Das Geld regiert die Welt, die Politik ist sein Sklave

5. Anklagepunkt

Reißt endlich das Ruder rum, sonst entern Piraten das Parlament!

6. Anklagepunkt

Demokratie ist kein Kindergarten: Wir müssen hart arbeiten, um sie zu bewahren

7. Anklagepunkt

Politiker sind keine Landwirte. Warum betreiben sie dann Kuhhandel?

8. Anklagepunkt

Geiz ist auch in der Presse leider geil: Wo sollen wir uns in Zukunft seriös informieren?

9. Anklagepunkt

Im Laufschritt marsch zurück in die Vergangenheit

10. Anklagepunkt

Der Arbeitsmarkt ist kein Selbstbedienungsladen und die Jugend wartet nicht angeleint vor der Tür

11. Anklagepunkt

Generation ohne Lobby: Wir sitzen alle im selben Boot

12. Anklagepunkt

Ihr wechselt politisches Kleingeld auf Kosten der Jugend

13. Anklagepunkt

Alte gegen Junge: Eine Front, die es nicht gibt

14. Anklagepunkt

Jeder will jung aussehen, niemand will jung sein

15. Anklagepunkt

Verbannt Vorurteile von vorgestern, wir brauchen Platz in der Mitte

16. Anklagepunkt

Warum stellt ihr uns unter Generalverdacht? Auch für uns gilt die Unschuldsvermutung!

17. Anklagepunkt

Eigennutzen statt Gemeinwohl: Krisen machen uns zu Egoisten

18. Anklagepunkt

Konsumenten an die Macht! Die bösen Konzerne sind nur so böse wie wir selbst

19. Anklagepunkt

Die Europäische Union kennt ihr Ziel nicht, will es aber als Erster erreichen

20. Anklagepunkt

Epilog

Fangen wir neu an, ohne alte Fehler zu wiederholen! Ein Plädoyer gegen die Politikverdrossenheit

1. Anklagepunkt

Prolog

Politik und ich
Vom Freak zum Frustrierten

Es war an meinem 13. Geburtstag, als mir mein bester Freund eine Jugendzeitschrift schenkte. „Jetzt bist du ein Teenager“, sagte er und wie die meisten Pubertierenden fand ich großes Interesse am Inhalt dieses Hefts. Es trug den Titel „Yam!“. Wir nannten es fachmännisch und dem anglizistischen Zeitgeist entsprechend „Tschähm“. Heute weiß ich, dass wir einfach hätten lesen sollen, was auf dem Titel stand: Yam, Young Adult Magazine, einfach Yam, gesprochen: Iam.

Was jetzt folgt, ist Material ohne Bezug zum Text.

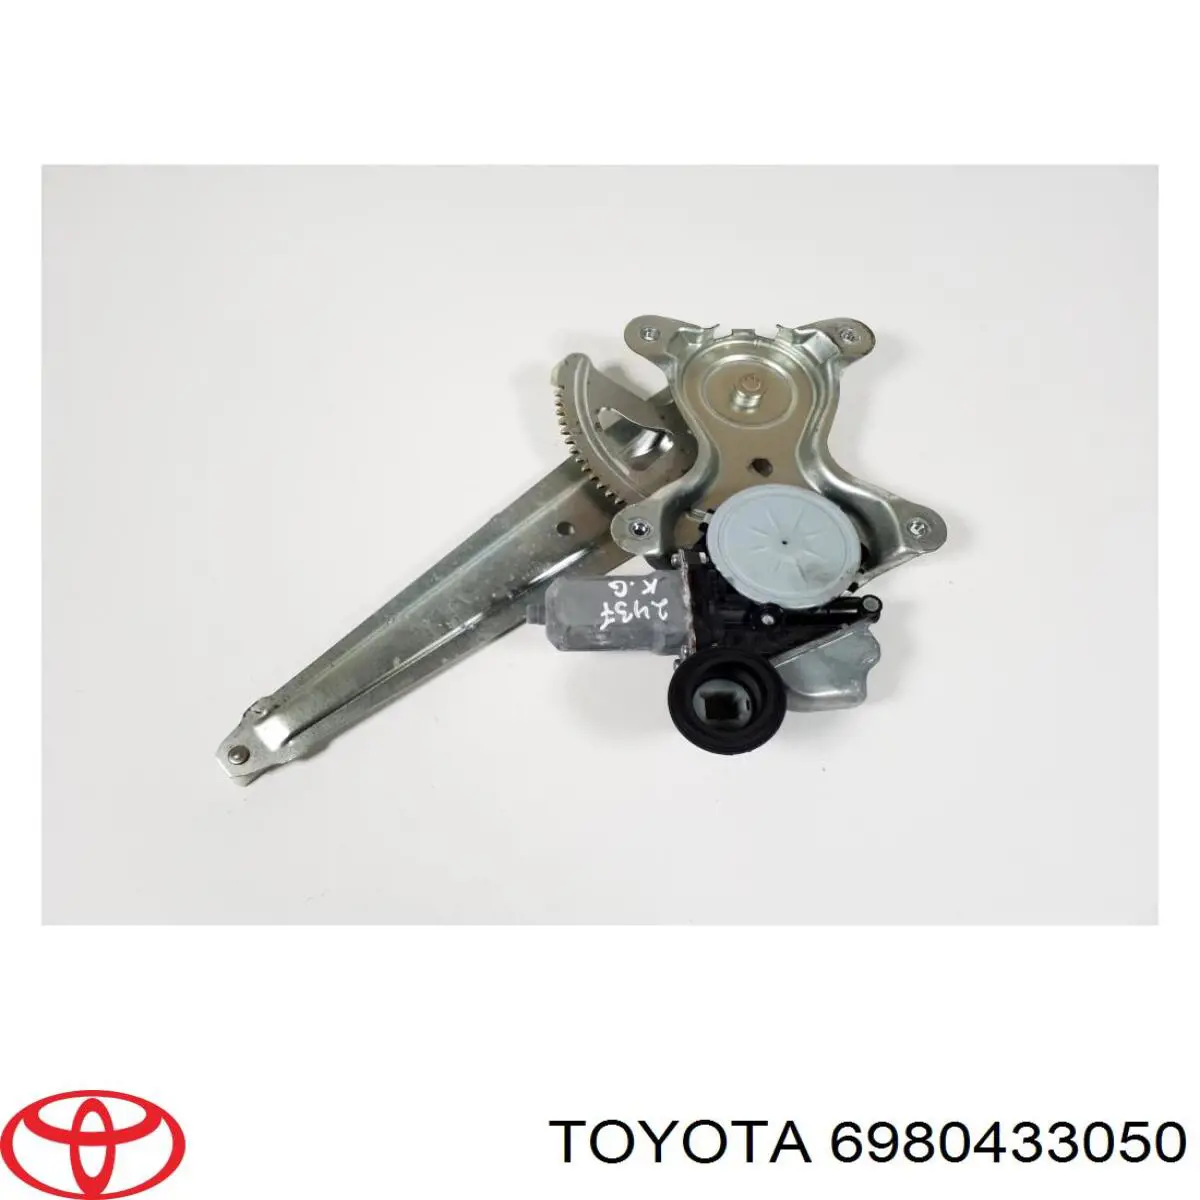 Mecanismo alzacristales, puerta trasera izquierda para Toyota Camry (V40)

Es war ein Geburtstagsgeschenk, wie es auch viele andere an so einem bedeutenden Datum bekamen, und auch der Tag – es war Hochsommer – verlief klassisch mit Baden, Musik Hören und Fußballspielen.

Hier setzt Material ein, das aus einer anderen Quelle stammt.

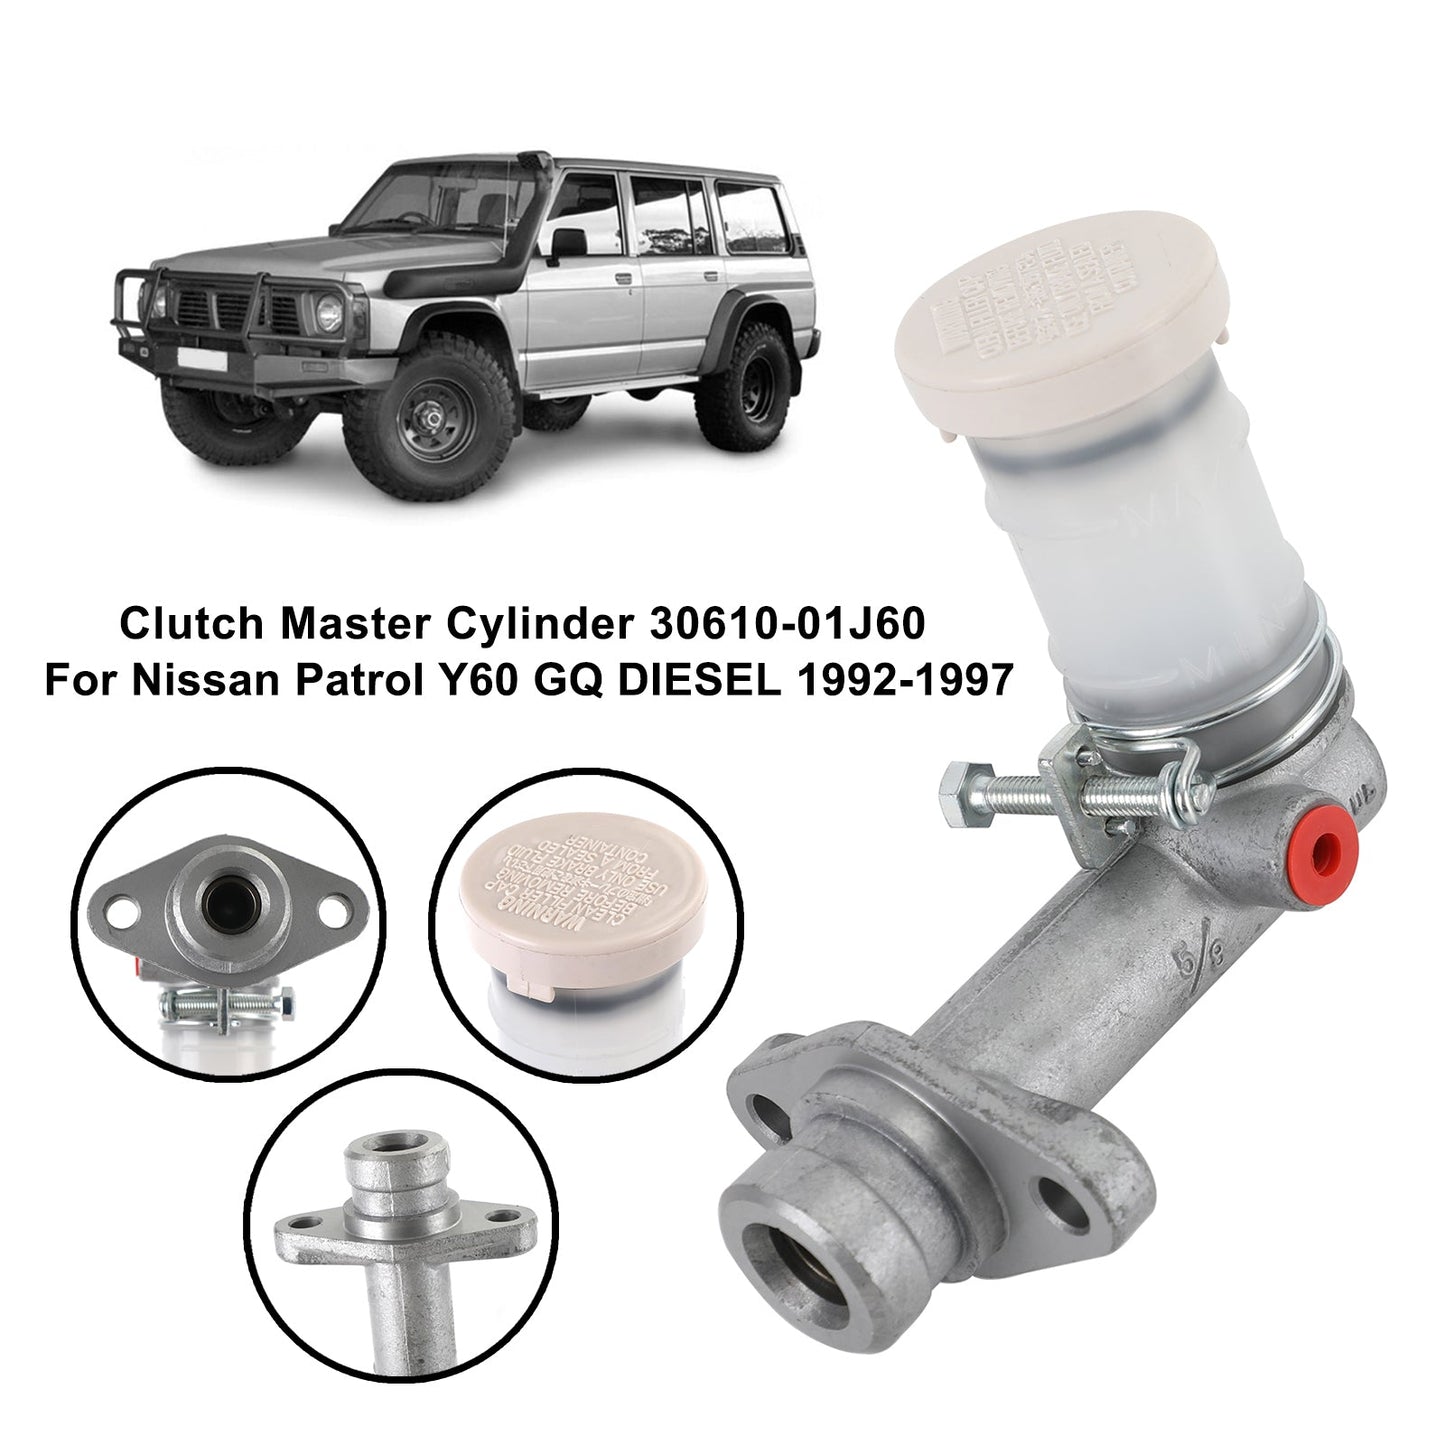 Clutch Master Cylinder 30610-01J60 For Nissan Patrol Y60 GQ DIESEL 1992-1997

Ich erinnere mich allerdings, dass wir uns damals, nach dem Schwimmen in der Sonne trocknend, keineswegs über die Themen des Tschähm unterhielten. Vielmehr sprachen wir über Politik. Mein bester Freund war zwei Jahre älter als ich und vermochte seine Weltanschauung recht gut darzustellen. Schon die Tatsache, dass er mit 15 Jahren überhaupt eine hatte, faszinierte mich.

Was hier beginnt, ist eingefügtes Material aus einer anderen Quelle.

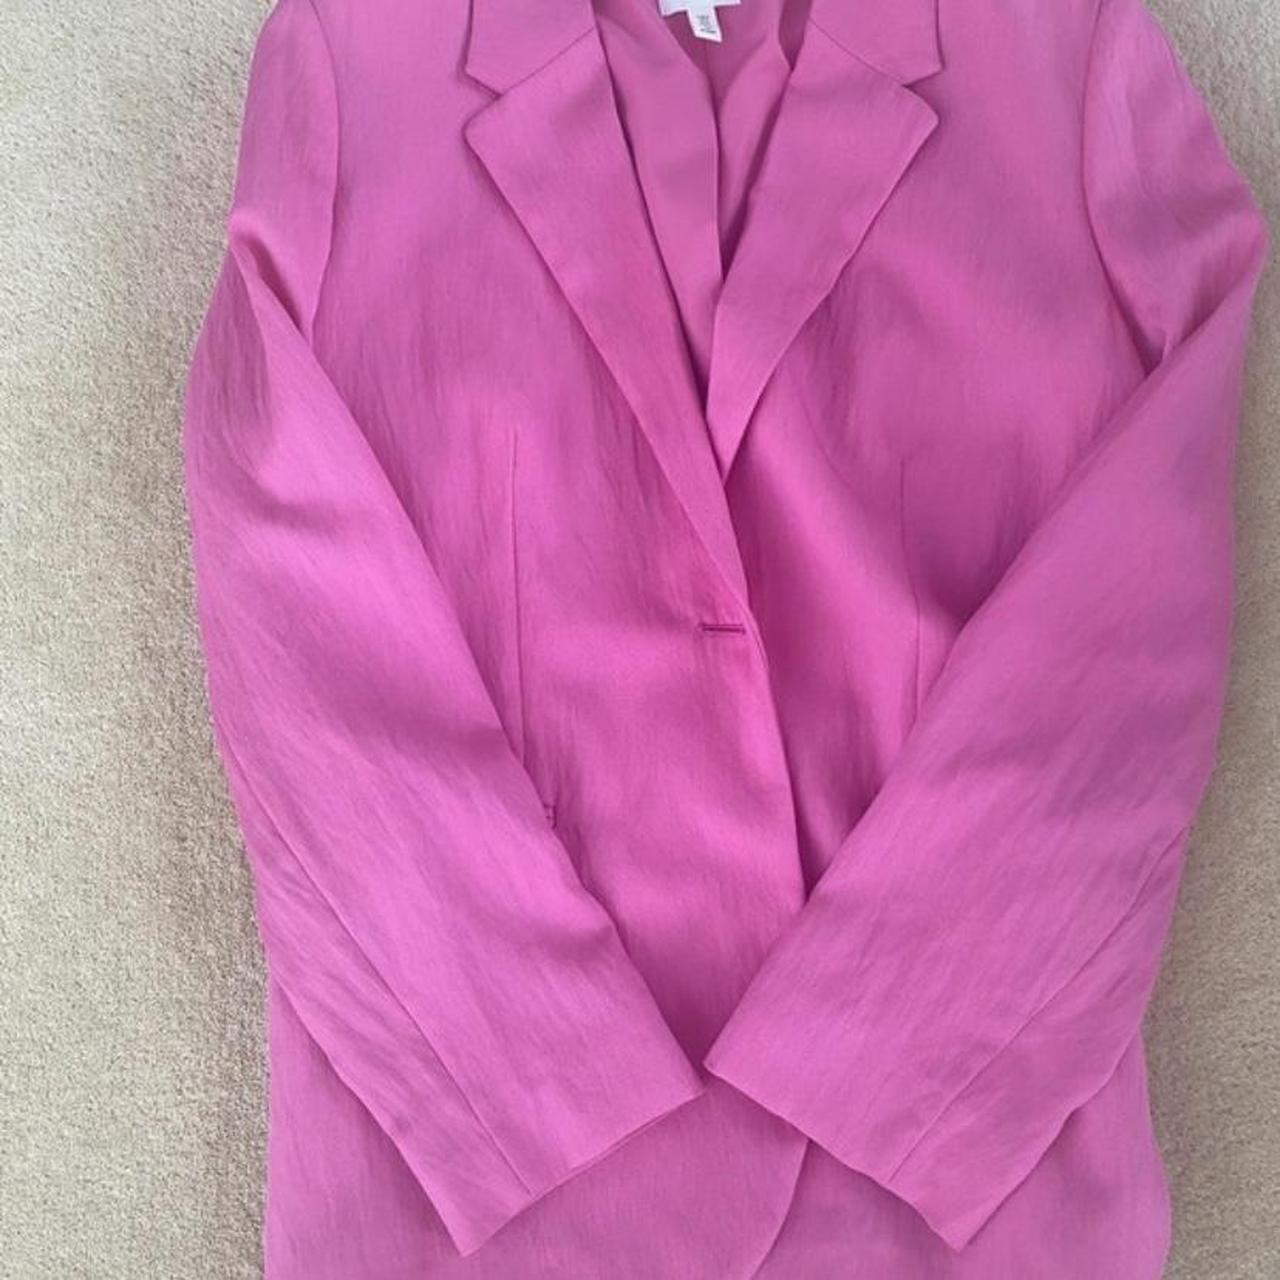 Suit blazer Size S Suit jacket Barbie color... - Depop

Er warf mit Fachbegriffen um sich, sprach von Konservativen, Sozialisten und Liberalen. Interessiert folgte ich seinen Ausführungen, wusste sie aber nicht so recht zu deuten. Es klang zwar alles interessant und wenn ich, in der Wiese liegend, die Augen schloss, hatte ich den Eindruck, der Bundeskanzler höchstpersönlich halte soeben neben mir eine Rede. Verstehen konnte ich davon aber rein gar nichts. Hin und wieder fiel ein Stichwort, zu dem ich mich einklinken wollte. Ich ließ es dann aber doch bleiben, weil mein politisierender Geburtstagsgast schon wieder beim nächsten Thema angelangt war, zu dem ich nur wiederholendes Nicken und kurze Ausrufe des Staunens wie „Echt?“ oder „Hätt ich nicht gedacht“ oder beides kombiniert beisteuern konnte.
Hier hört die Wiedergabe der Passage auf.